◆ What is required: Look through the entries below for the line with "20 Little Girl" and the line with "1 1/7 CT. T.W.", then give again exactly those two lines and all lines between them, minus the pictures.

◆ Excerpted records:

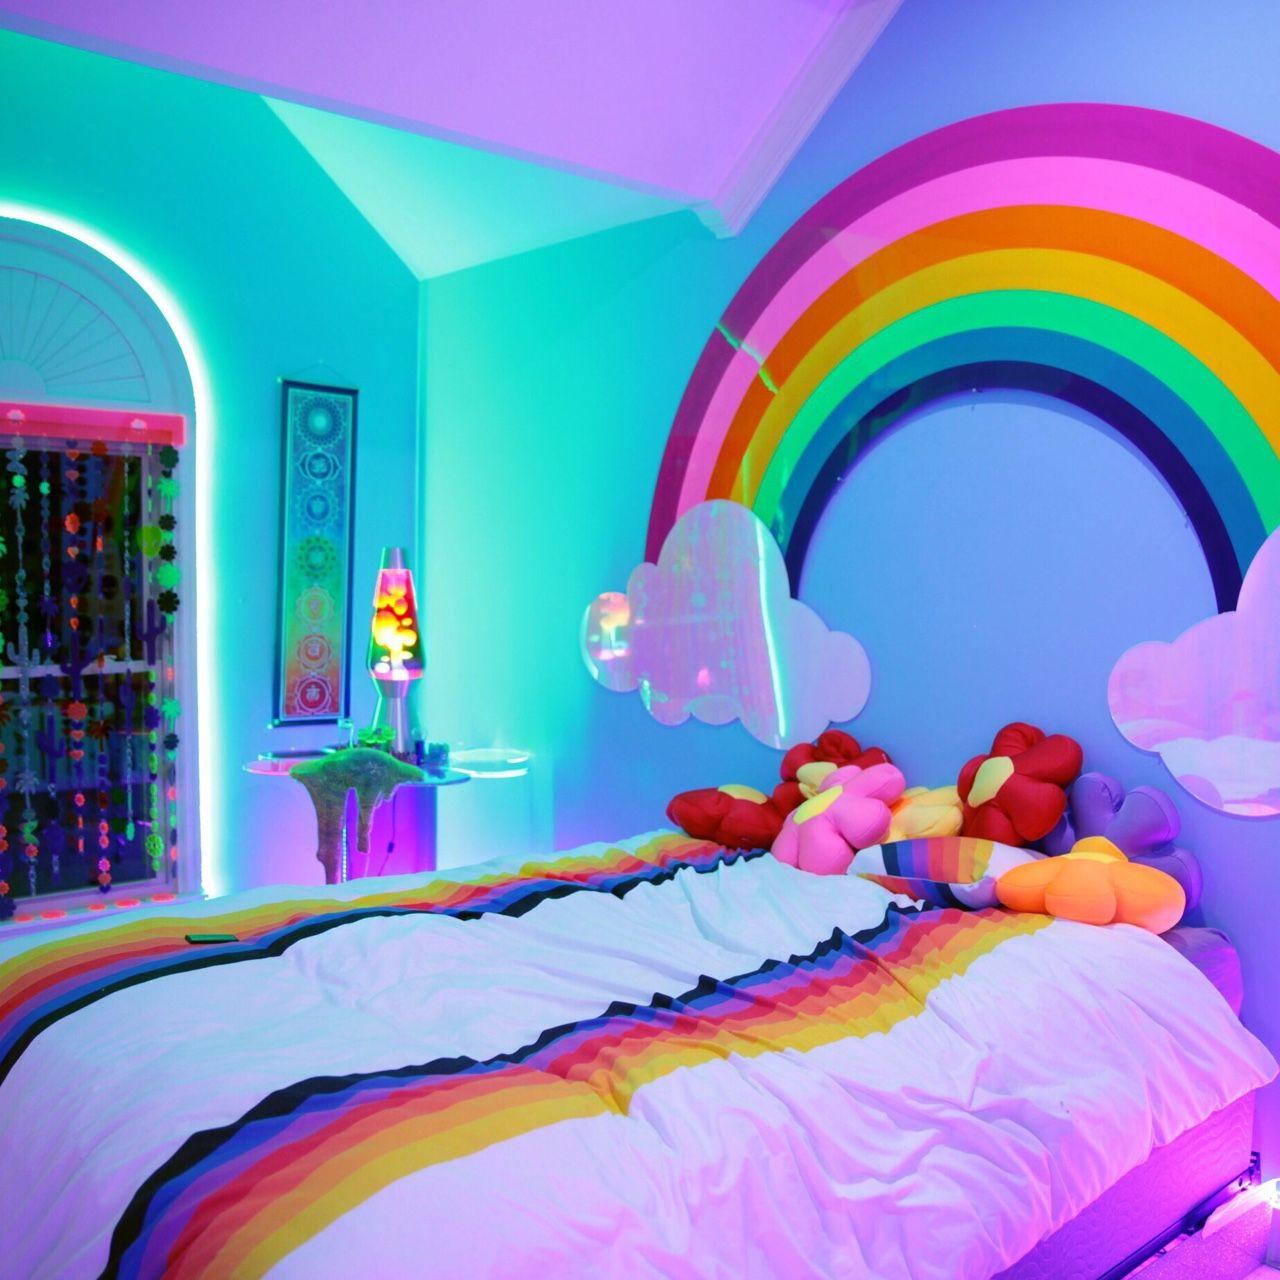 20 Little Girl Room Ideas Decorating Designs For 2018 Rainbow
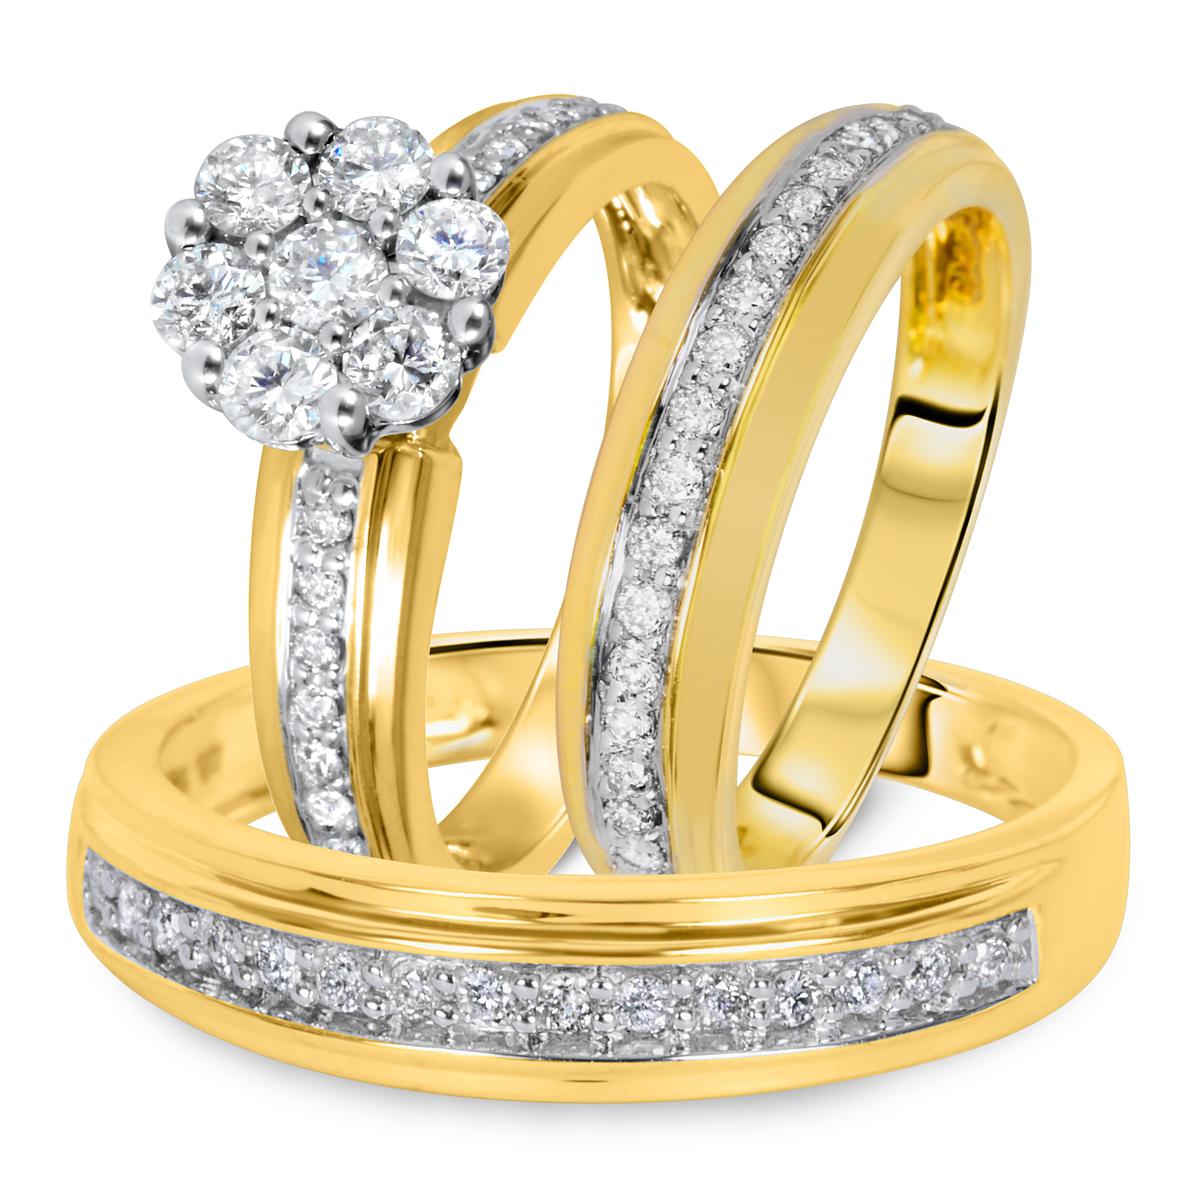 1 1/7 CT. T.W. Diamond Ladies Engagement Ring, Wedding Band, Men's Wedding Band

---

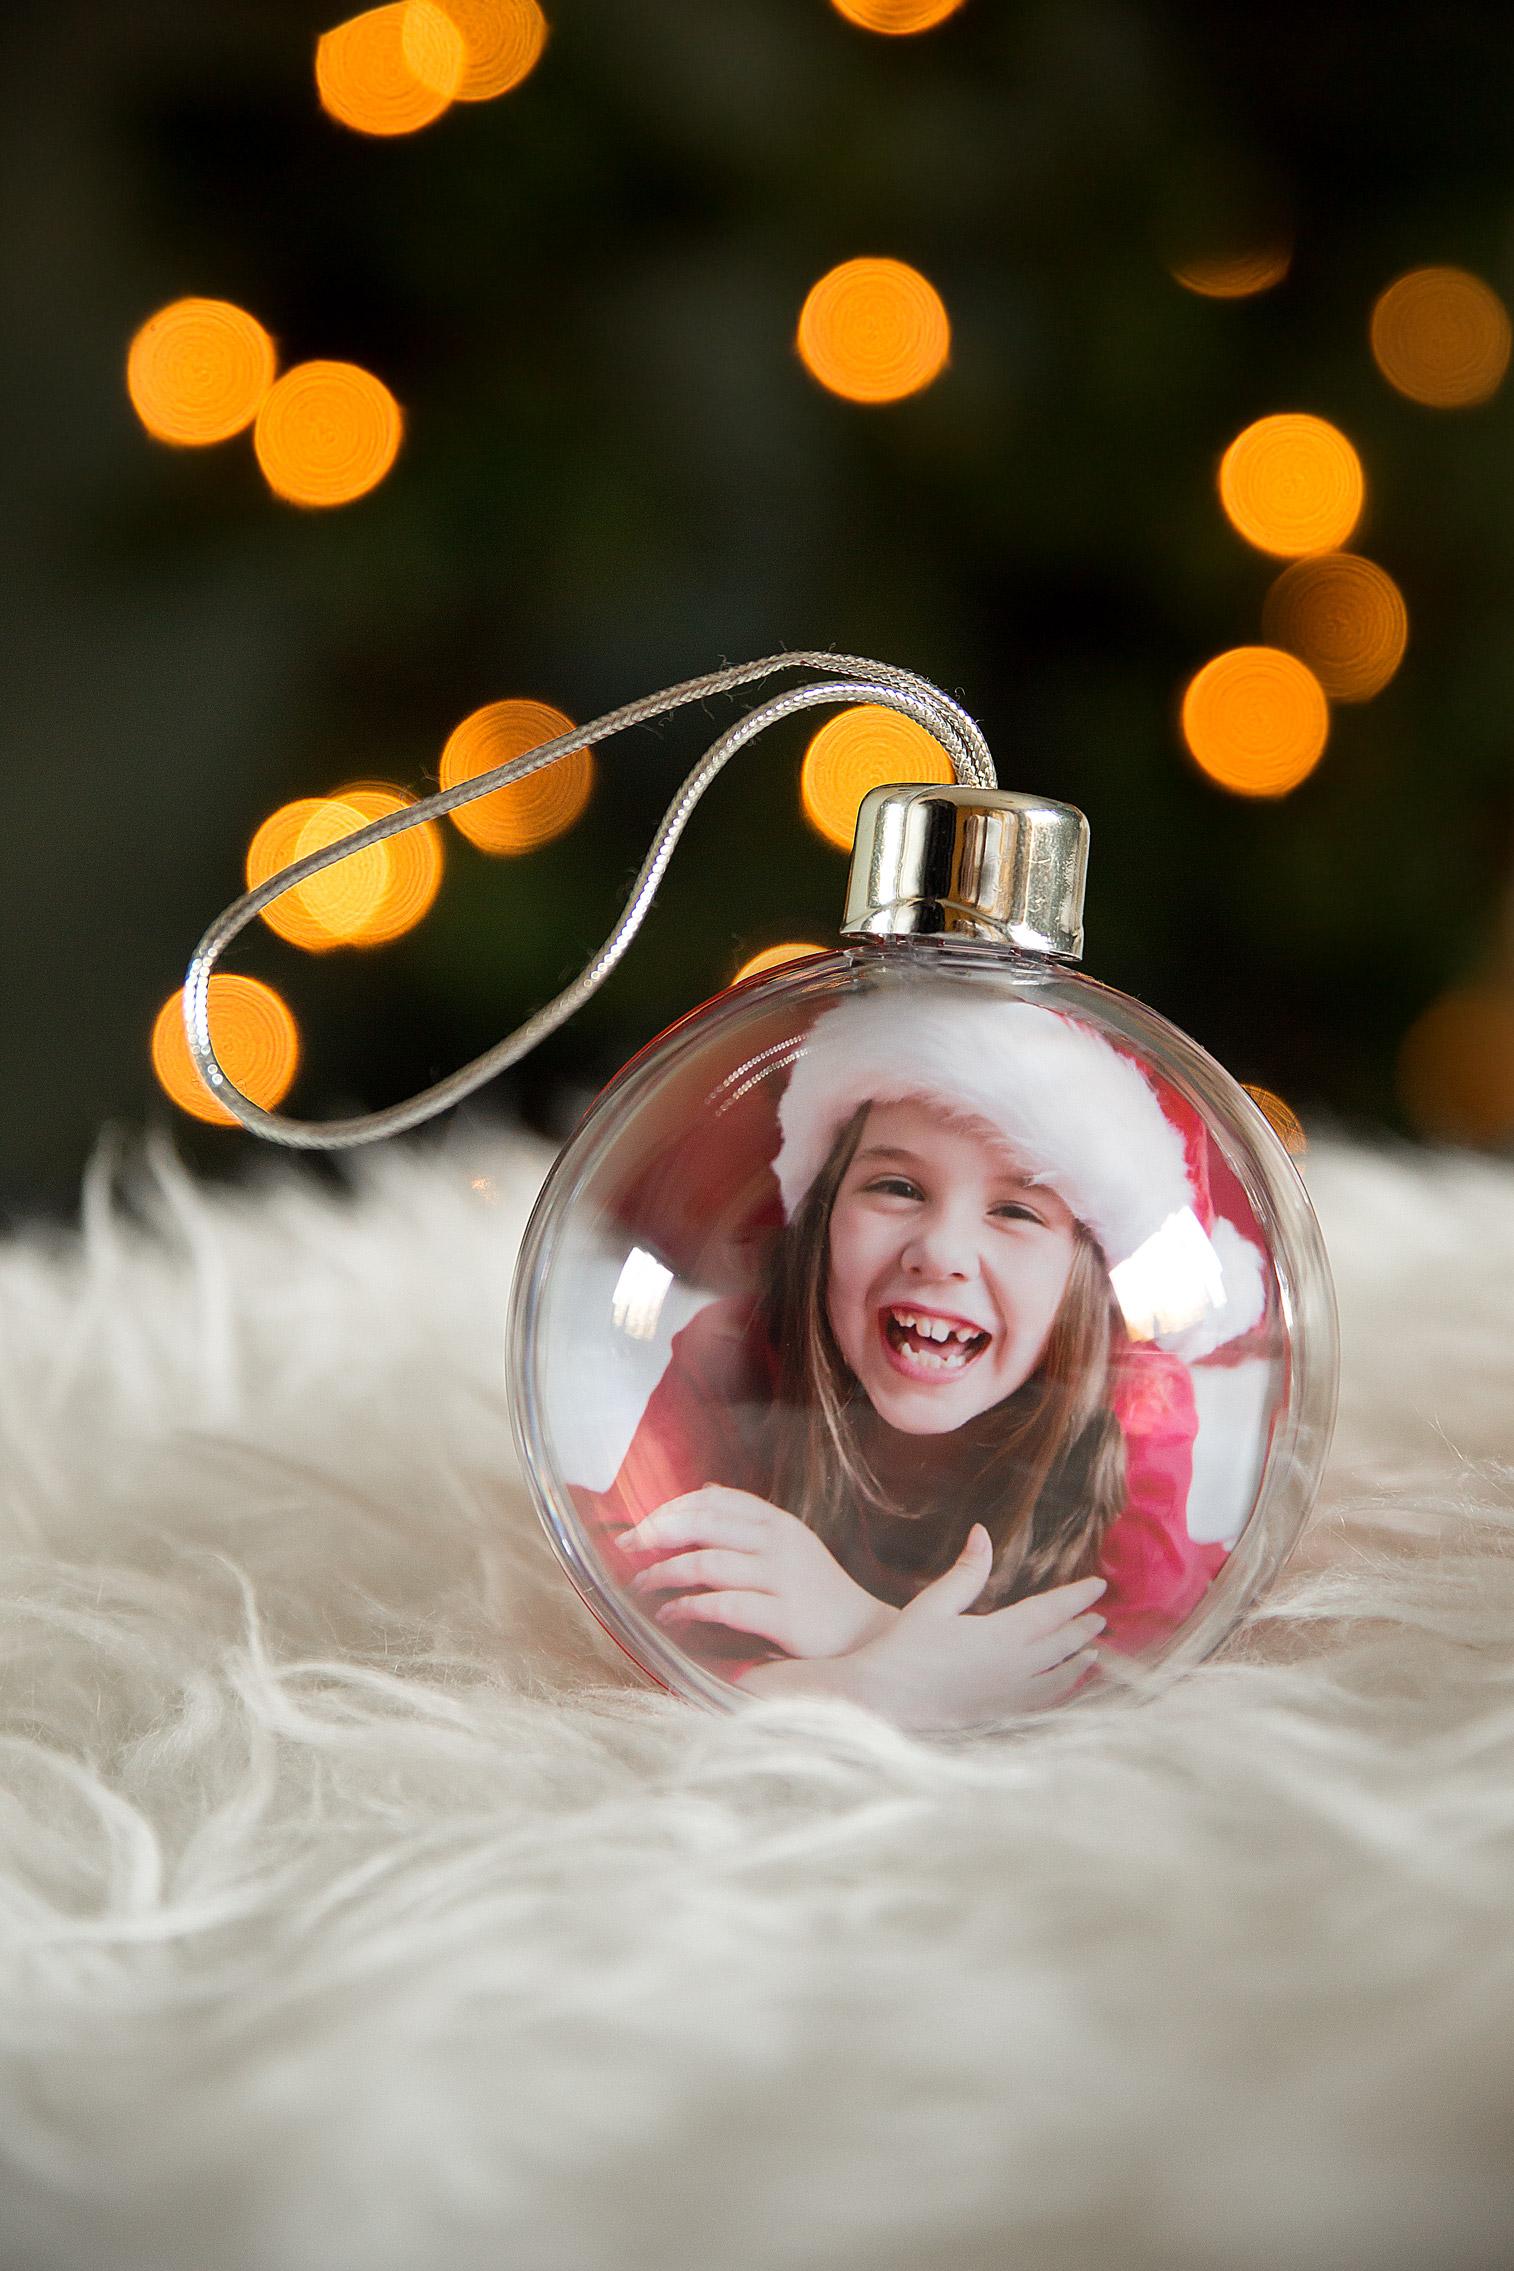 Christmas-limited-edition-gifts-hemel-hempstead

◆ Solution:
 20 Little Girl Room Ideas Decorating Designs For 2018 Rainbow
 1 1/7 CT. T.W. Diamond Ladies Engagement Ring, Wedding Band, Men's Wedding Band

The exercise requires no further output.